On rare occasions this results in the callback getting the following
D-Bus error back instead of restarting journald:
Message has the same reply serial as a currently-outstanding existing
method call
The service doing all this is not threaded.
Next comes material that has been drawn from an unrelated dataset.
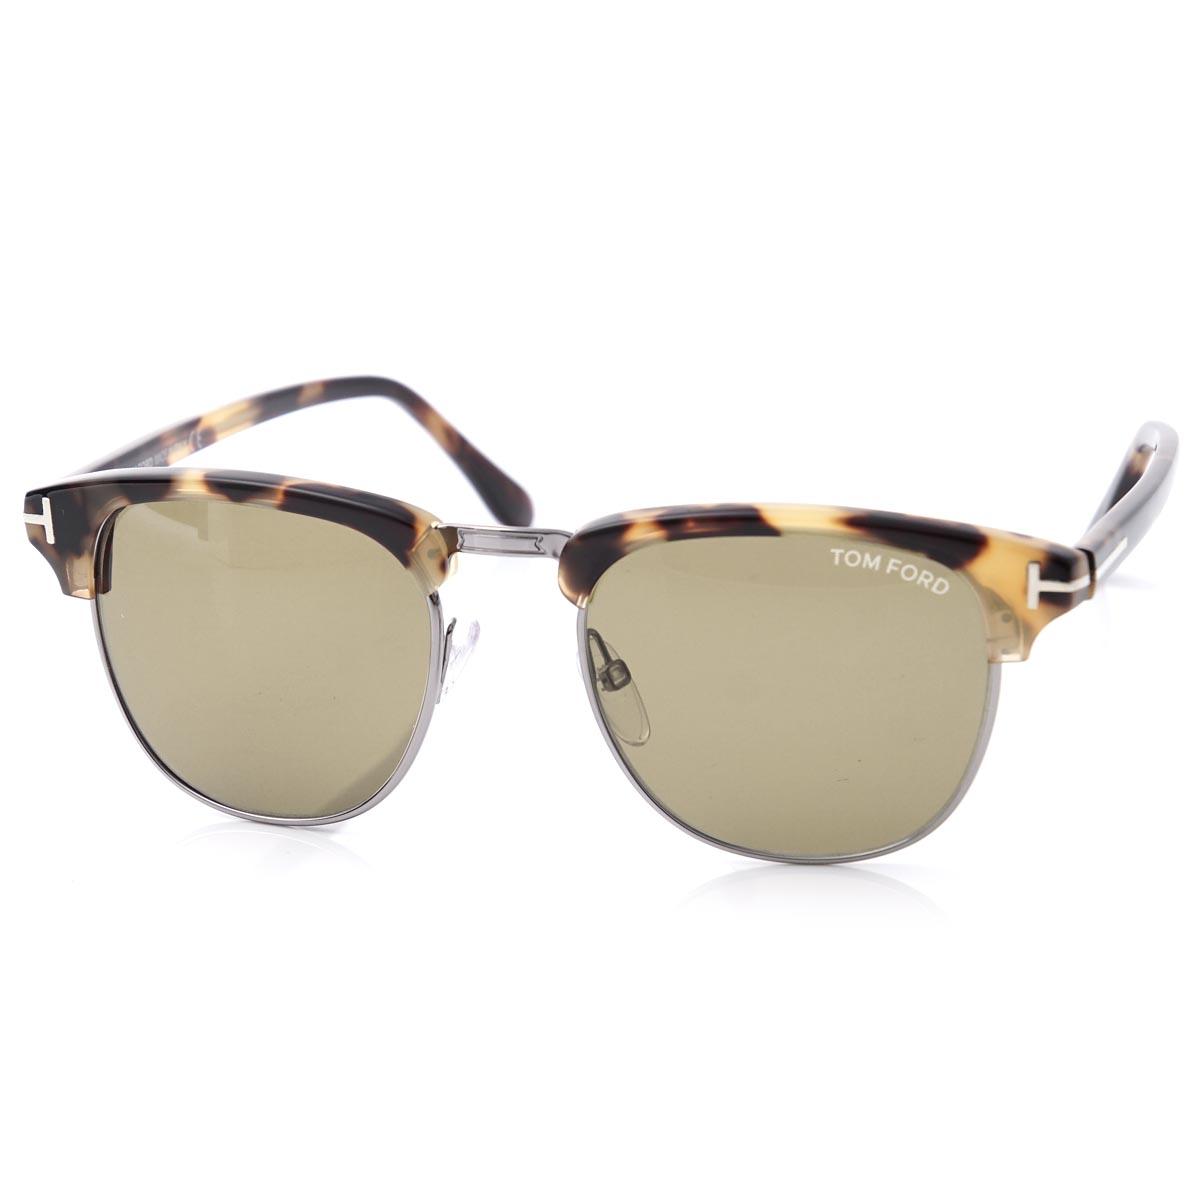 0f179fe510 Modern Blue Rakuten Ichiba Shop  Tom Ford TOM FORD sunglasses beige ...

I'm struggling to determine the source of this problem, which may very
well be in my code in the end, but I have no idea of what to look for in
terms of possibly incorrect usage of sd-bus or in case of a bug in
sd-bus, what values to check (and when) to find the root cause, and I'm
seeking advice with this part.
Below follows a description of the client implementation, how it's
called, and some things I found in a coredump that I thought was curious.
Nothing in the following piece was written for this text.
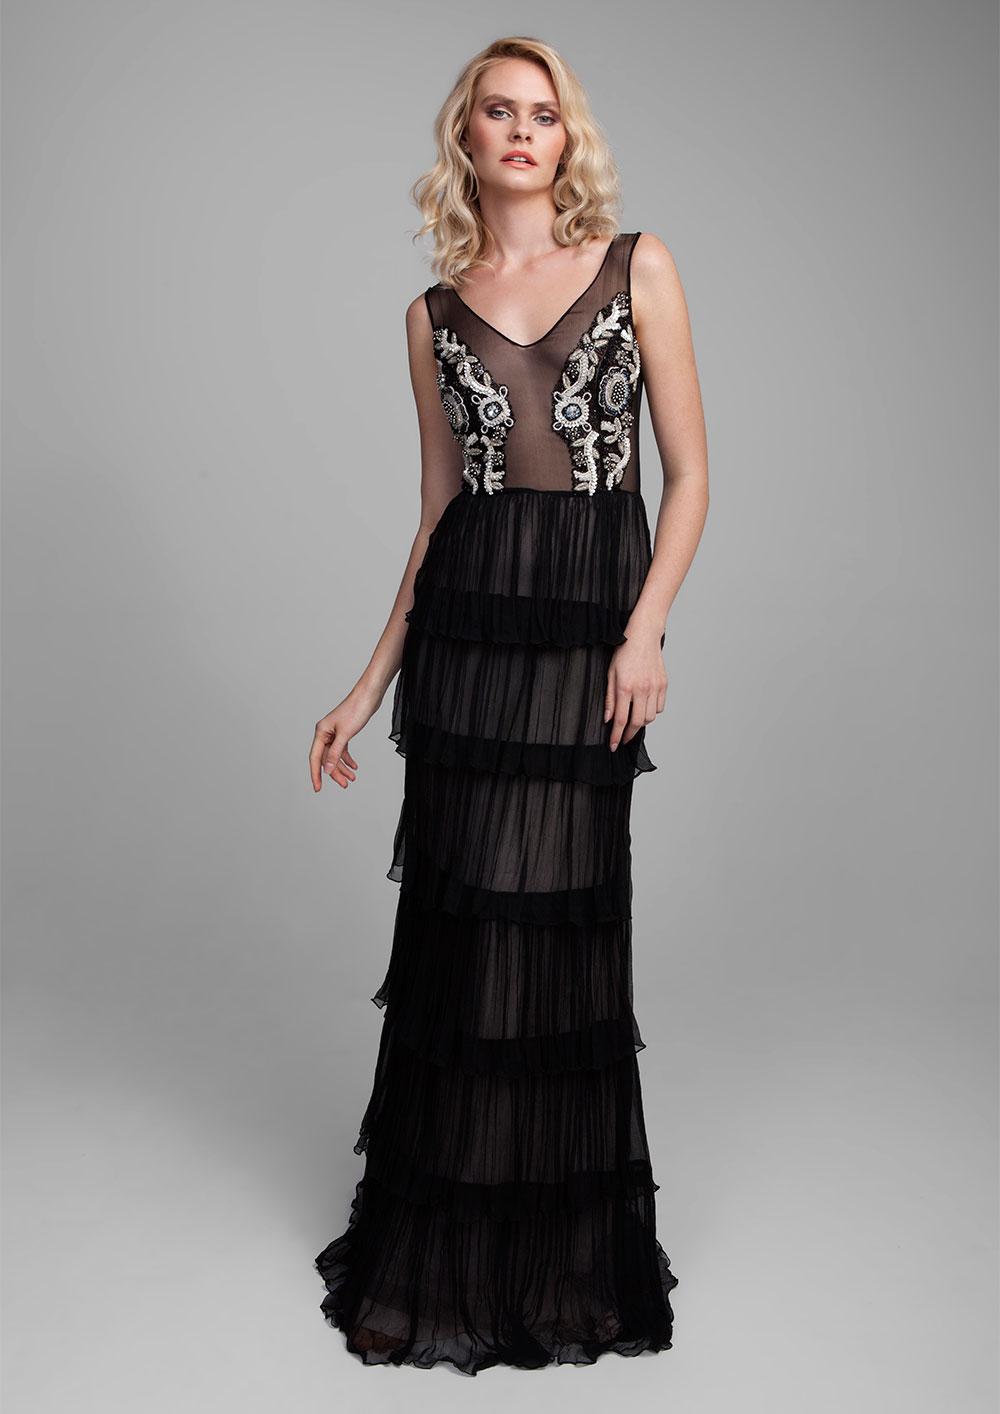 Ceillia evening gown

Please advice on how I shall move forward with my investigation of this
problem. If more information is necessary, please let me know which
information and I will do my best to provide it.
Thank you very much in advance.
Best regards // John Ernberg
The client code for restarting journald looks like this:
void org_freedesktop_systemd1_Manager_RestartUnit_callback(const char
*error, const char* job) {
if (error) {
fprintf(stderr, "systemd1 could not restart the unit: %s\n",
error);
} else {
printf("systemd1 has queued restarting the unit with this job
path: %s\n", job);
}
}
static int RestartUnit_internal_cbk(sd_bus_message *msg, void *userdata,
sd_bus_error *error) {
int ret = 1;
const sd_bus_error *e = sd_bus_message_get_error(msg);
const char* job = NULL;
if (sd_bus_error_is_set(e)) {
org_freedesktop_systemd1_Manager_RestartUnit_callback(e->message, job);
goto cleanup;
}
ret = sd_bus_message_read(msg, "o", &job);
if (ret < 0) {
goto cleanup;
}
org_freedesktop_systemd1_Manager_RestartUnit_callback(NULL, job);
cleanup:
return ret;
}
int org_freedesktop_systemd1_Manager_RestartUnit(const char* name, const
char* mode)
{
int ret = 0;
sd_bus_message *msg = NULL;
ret = sd_bus_message_new_method_call(bus,
&msg,
"org.freedesktop.systemd1",
"/org/freedesktop/systemd1",
"org.freedesktop.systemd1.Manager",
"RestartUnit");
if (ret < 0) {
return ret;
}
ret = sd_bus_message_append(msg, "s", name);
if (ret < 0) {
goto cleanup;
}
ret = sd_bus_message_append(msg, "s", mode);
if (ret < 0) {
goto cleanup;
}
ret = sd_bus_call_async(bus, NULL, msg, &RestartUnit_internal_cbk,
NULL, 0);
if (ret < 0) {
goto cleanup;
}
cleanup:
sd_bus_message_unref(msg);
return ret;
}
The org_freedesktop_systemd1_Manager_RestartUnit function is called from
the callback of the signal from service A.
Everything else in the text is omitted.